Power Bank Endurance Test – Hillo Power Jin Gangxia (Part 10)

Experiments never stop around here, and I’m pleased to present the tenth installment in this series of posts about the capacity degradation of a lithium-polymer based power bank as a function of charge-discharge cycle. This tenth part represents another increase of 50 cycles from the last report, for a total of 516 from new, or 500 from the commencement of the experiment. The power bank has reached and exceeded the 300 to 500 cycle lifetime commonly quoted for lithium-chemistry batteries, and thus we are now into uncharted waters.

Results

A further 50 runs was accomplished with no loss of data, resulting in a reduction of data loss to 0.8% total. The increased variability continues to be displayed, with a less clear downward trend.

effective-capacity-graph19

The variation seems to have exceeded 100mAh in some cases, and I have several hypotheses which could possibly explain this:

  • Increased internal resistance and contact resistance, as alluded to in the previous part.
  • Increased dwell time after full charge before testing, as during this test segment, testing of this power bank was interleaved with the Mi 16000mAh power bank, thus some times the power bank was sitting at “full charge” attached to the charger for a day before it was actually tested. This dwell time might have resulted in some loss of charge, which reduced towards the last 15 runs, when no more interleaved testing was undertaken as the Mi had finished its testing.
  • Inconsistent charge termination and discharge termination from temperature variation – Sydney is in the middle of a cold spell, and despite my best efforts to keep the temperature to within 21 +/- 5 degrees C, this temperature variation could be enough to cause charging or discharging to be affected.
  • Errors introduced by the multimeter’s sensitivity to temperature changes, which could result in slight errors integrated over several hours to result in such variations.
  • Possibly loss of capacity could be slightly recovered by subsequent charging as trapped charge carriers somehow become “untrapped”.

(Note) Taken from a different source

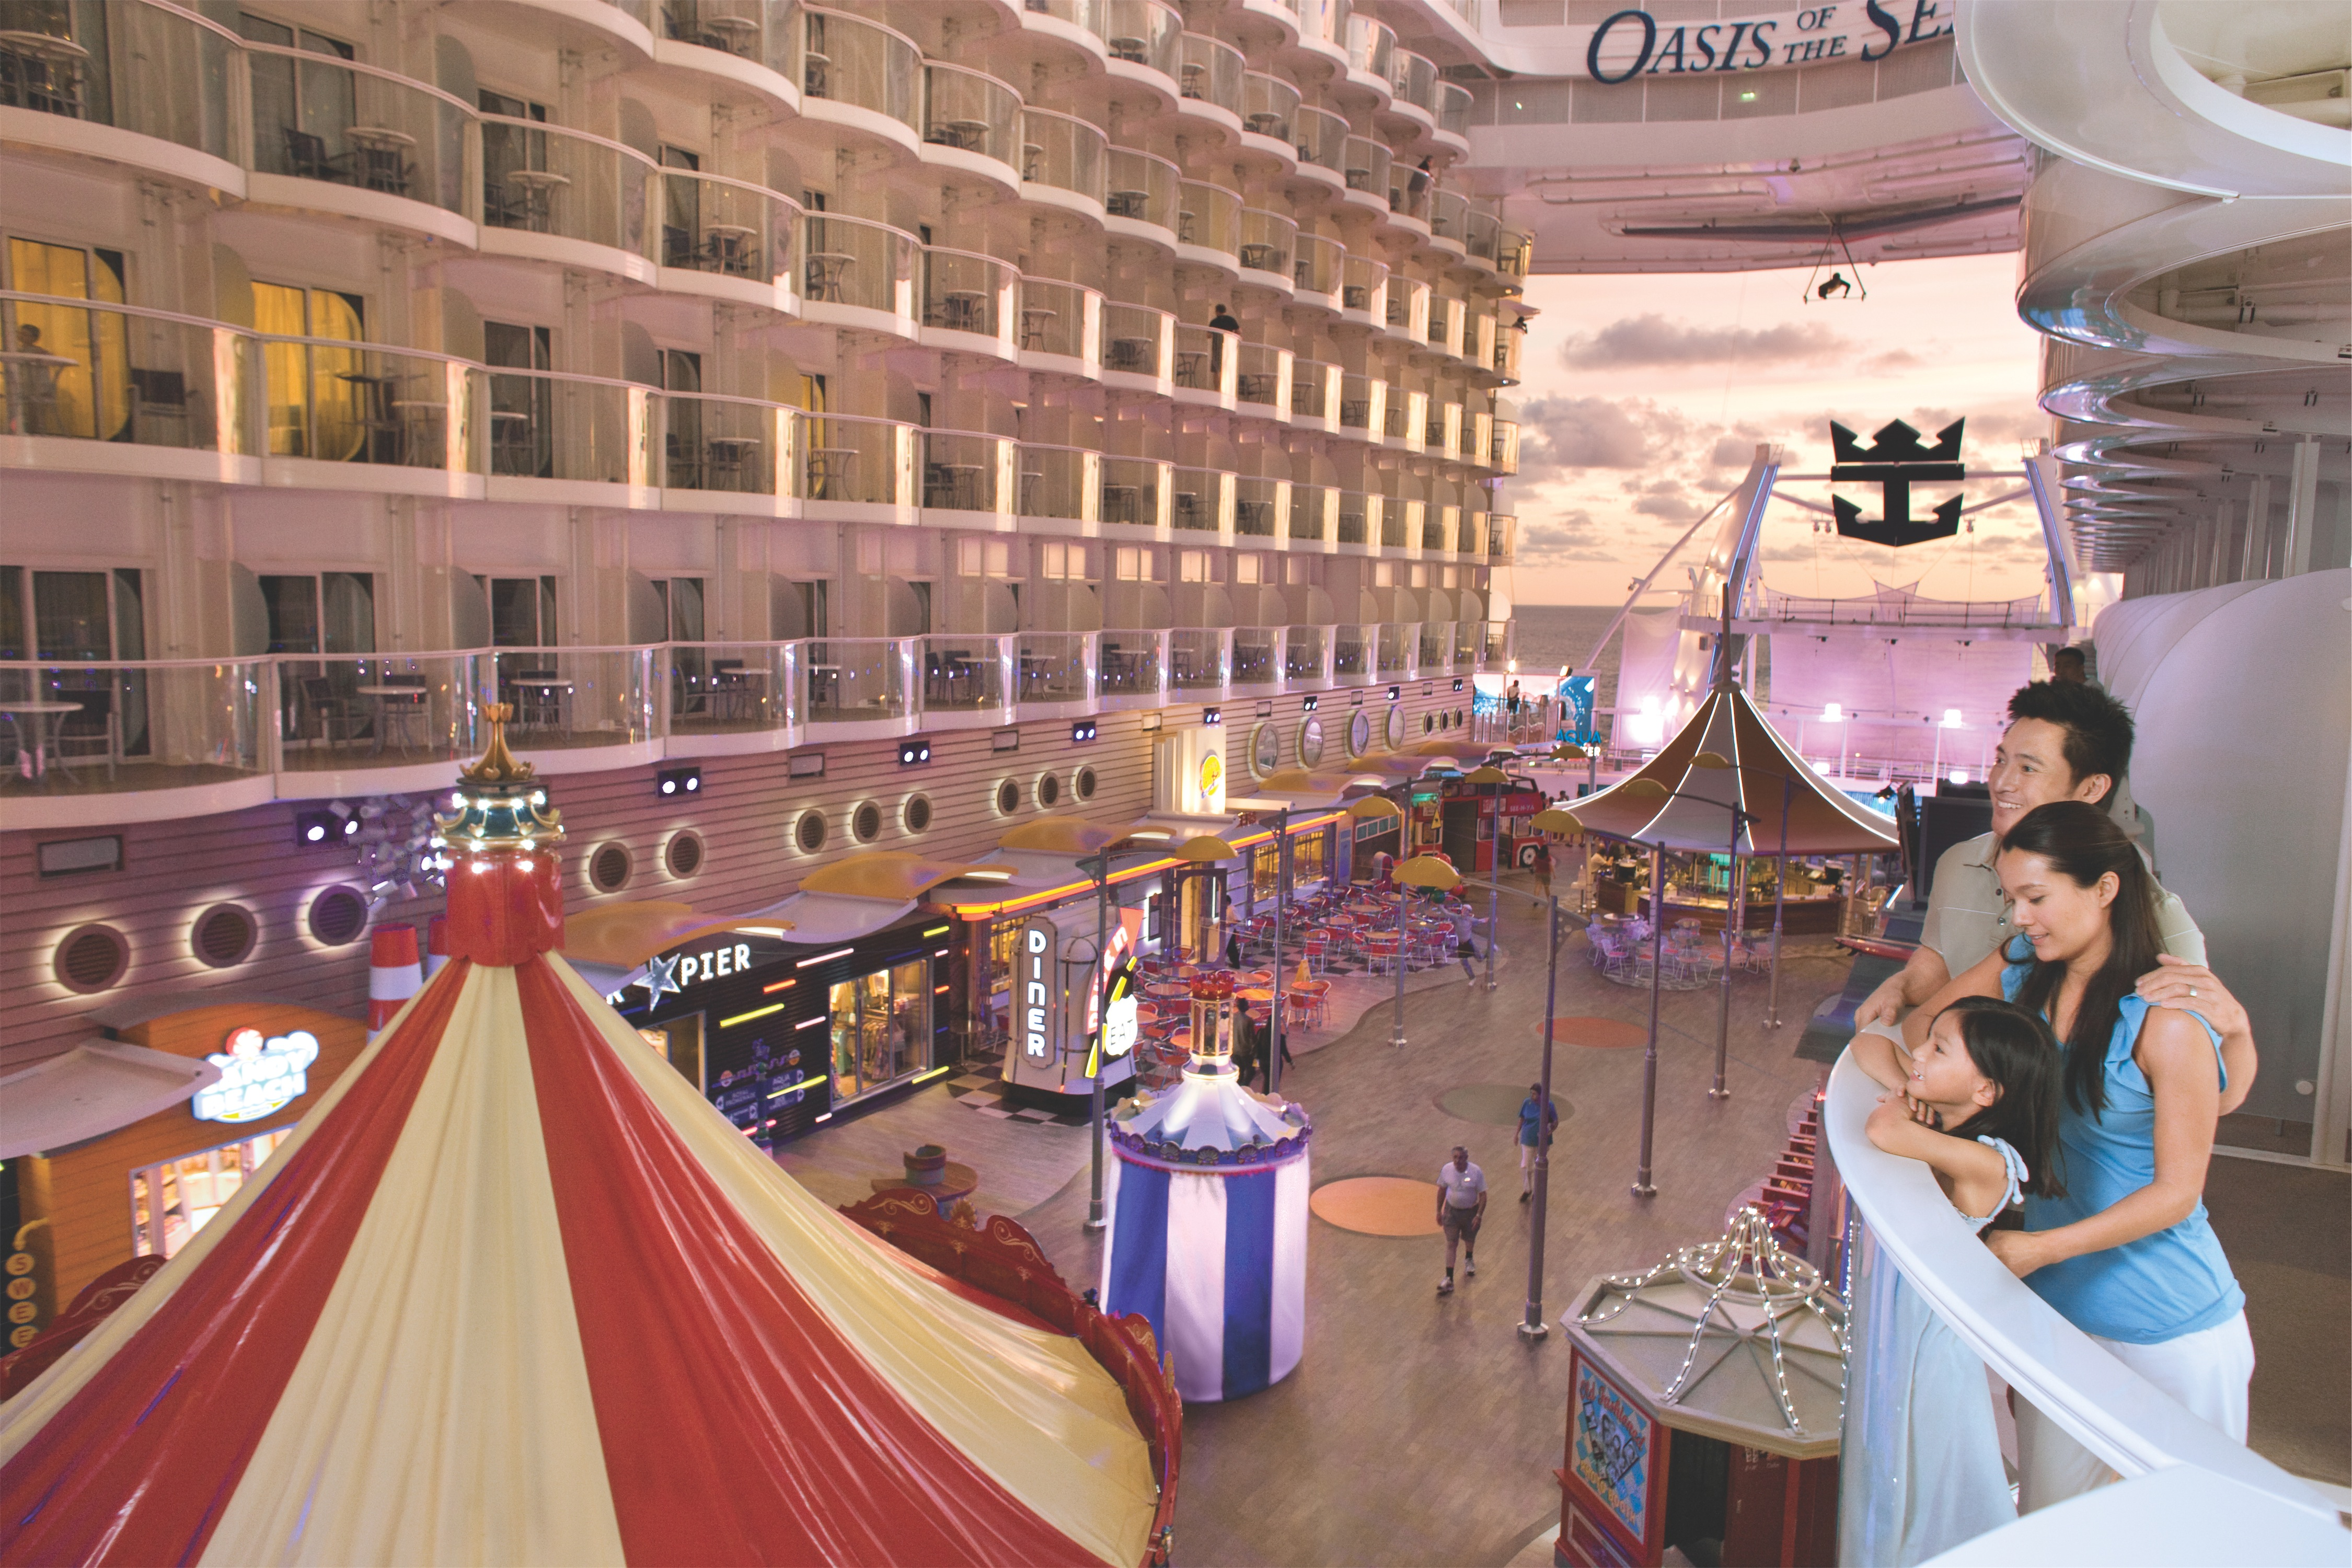 Royal Caribbean International Oasis of the Seas Interior Boardwalk Balcony Family.jpg
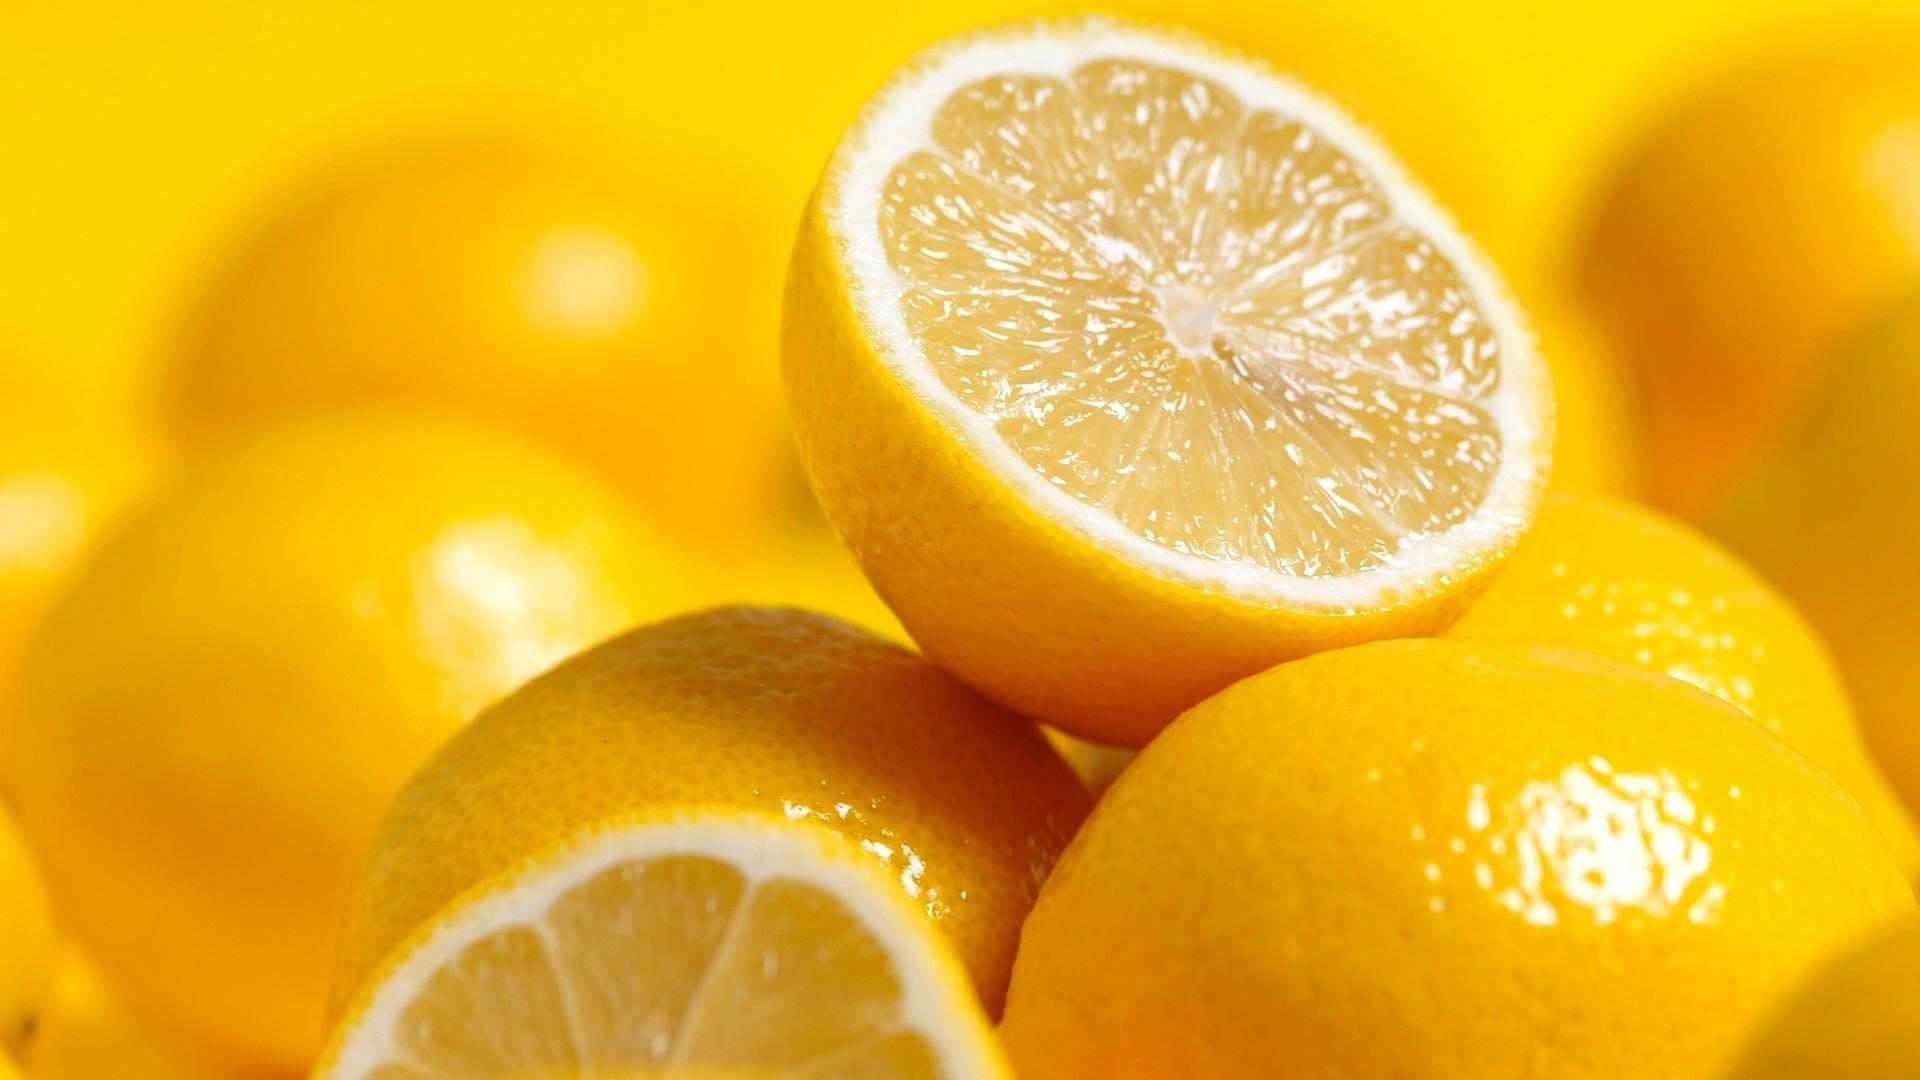 Lemon Hd Wallpaper Background Image 1920x1080 Id

It still does seem plausible that the cell is degrading, purely because the peaks are no longer as high as they were, and the troughs continue to deepen as a function of cycles. The predicted lifetime based on the linear model is 1588 cycles, and the lifetime based on the polynominal model is 1115 cycles – all well above twice the expected cycle life.

This might be a good sign to say that cells which undergo heavy cycle loading to 100% depth of discharge might last longer than expected if they are made of high quality materials. It could be that high temperature or high-state-of-charge storage over long periods causes more degradation, so it would make sense to use these cells rather than leave them sitting.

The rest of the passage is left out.